SalemNews.com, Salem, MA

Sports

March 11, 2010

Roles reversed the wrong way for Headers on this night

On Hockey

CAMBRIDGE — Other teams suffered defensive breakdowns and mental mistakes — not Marblehead.

It was the Headers who turned up the heat on teams and took advantage of the slightest opening you gave them — not the other way around.

At least, that’s how it went for the majority of this season.

But not on this night.

The Scituate Sailors are by no means your average hockey program. They are what you’d call a small school buzzsaw, a club that has played in six consecutive Division 3 South title games and plays with the poise, confidence and panache of a team that knows it’s good.

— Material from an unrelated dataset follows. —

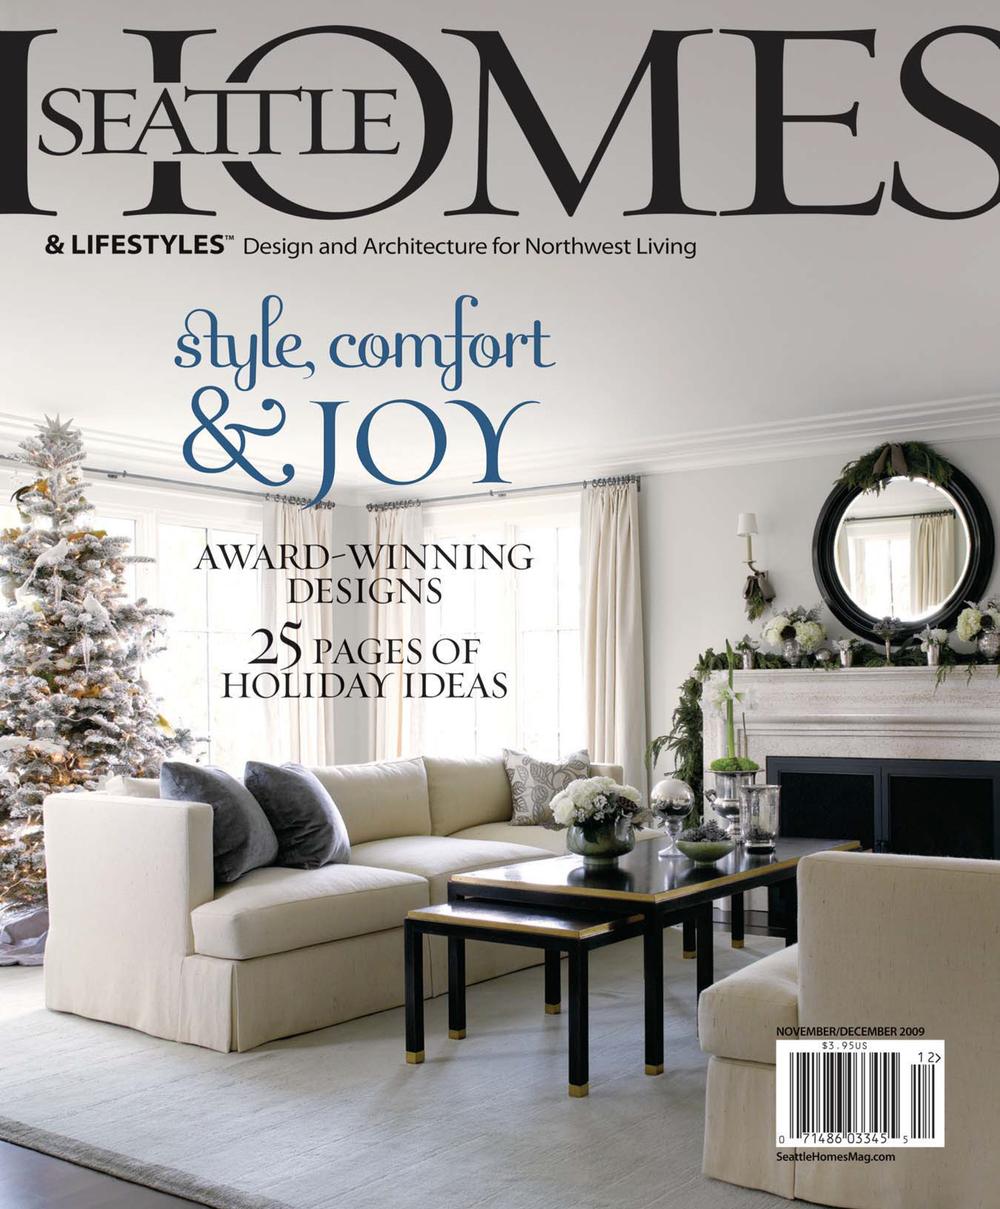 Seattle-Homes-Christmas-2009-1.jpg

The Sailors turned the tide, so to speak, on Marblehead last night. It was Scituate that was pouncing on mistakes and turning them into goals. It was the guys in white jerseys with blue trim who carved out space for themselves in front of the Headers’ net and constantly attacked it all night. And it was unflappable goaltender Jamie Murray, the senior on a mission, who stopped 36 shots last night.

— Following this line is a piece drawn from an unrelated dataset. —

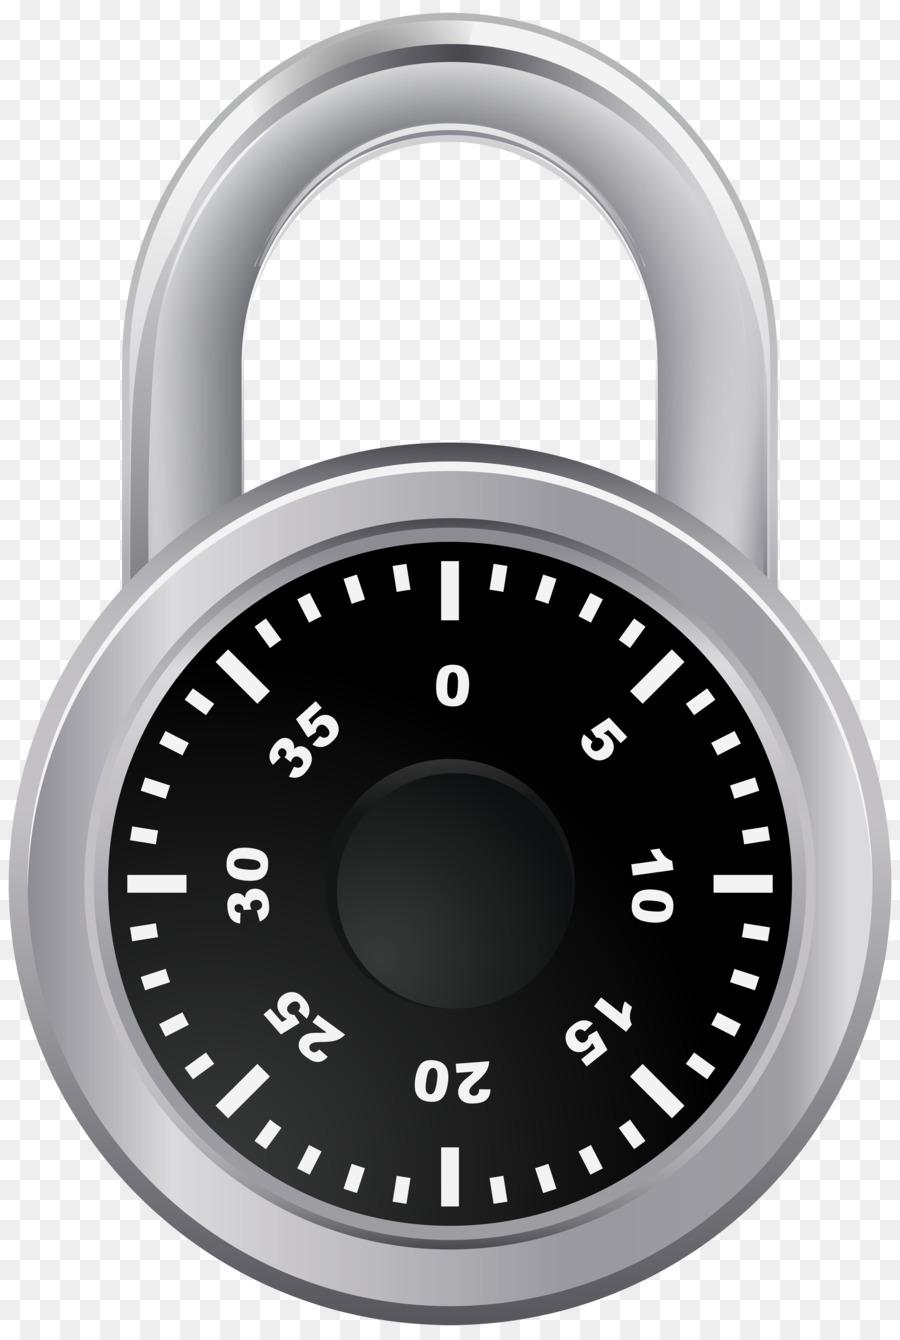 Lock clipart number lock. Transparent combination master

In the end, it all added up to a decisive 5-2 victory by the Sailors in the Division 3 state semifinals at Harvard’s Bright Center.

Think of it this way: it wasn’t so much what Marblehead didn’t do — although there are certain instances in last night’s contest they’d love to have back — but rather what Scituate did do that made the final outcome what it was.

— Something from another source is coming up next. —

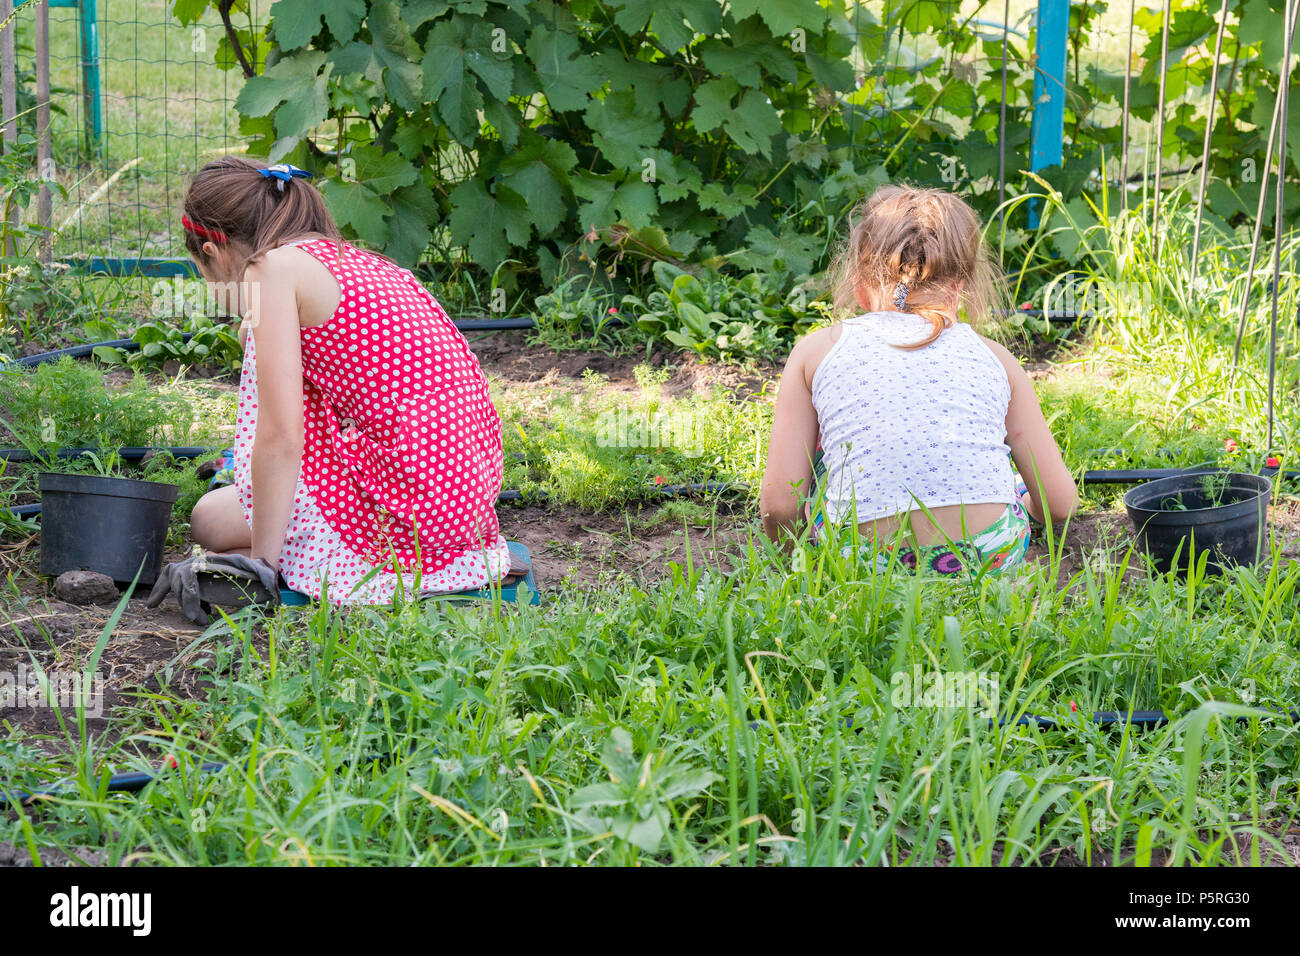 Closeup image of two teenage girls weeding garden bed. Female Gardening Weeding Weed Plants Grass

“They were a big, strong team, and for us that’s always hard to contain,” said senior captain Anders Gundersen of his speedy, yet smaller, team. “We don’t have the biggest kids in the world. And their forechecking was strong. We had trouble at times getting the puck out of our zone.”

Scituate’s senior first line of burly right winger Matt Mitchell with talented center Brian Collins and left winger Brian Pratt caused problems for the Headers all night. When they weren’t cycling down low and wreaking havoc in the offensive zone, Mitchell was using his big frame to park himself in front of Header netminder Tony Cuzner (23 saves) and serve as a human mountain.

The final tally for that trio was three goals and nine points on the night. In other words, what you expect from your big guns in a big game.

“They were opportunistic,” added Gundersen, who has been accepted at Berkshire prep school and is waiting to hear on Tilton. “They didn’t have great rebounds, but they made the most of the ones they did.”

At the other end of the ice, a problem that the Headers thought they had rid themselves of about halfway through the season — peppering a goalie with shots, but having scant few goals to show for it — “reared its ugly head”, said head coach Bob Jackson, at the worst possible time.

Ten shots were fired at Murray in the first period; junior defenseman Jake Kulevich batted a power play rebound by him to make it 1-1 at the first intermission. Ten more shots in the second resulted in no goals, and a plethora of firepower came his way over the final 15 minutes — 18 shots — but only a final minute tally from Kulevich, with the game already decided, got by the keeper.

“They didn’t give us many second chance shots,” said Kulevich, “and their D-men did a good job clearing us out. I think they had a little more mental toughness than we did.”

Jackson agreed. “We lost some 1-on-1 battles that allowed them to get shots on net. We haven’t done that all year,” he said. “Plus we were outshot in the second period (14-10), which we’re not used to.”

So now, one of the greatest seasons in the long and illustrious history of Marblehead hockey is officially in the books. A sterling 20-3-3 record, along with a Northeastern Conference Small title and the program’s second Division 3 North championship in three years, not to mention the second-most wins in school history, are the pleasant footnotes that will go along with it.

But they came up one game short of their final destination, and it was an opportunistic Scituate team that is the reason why.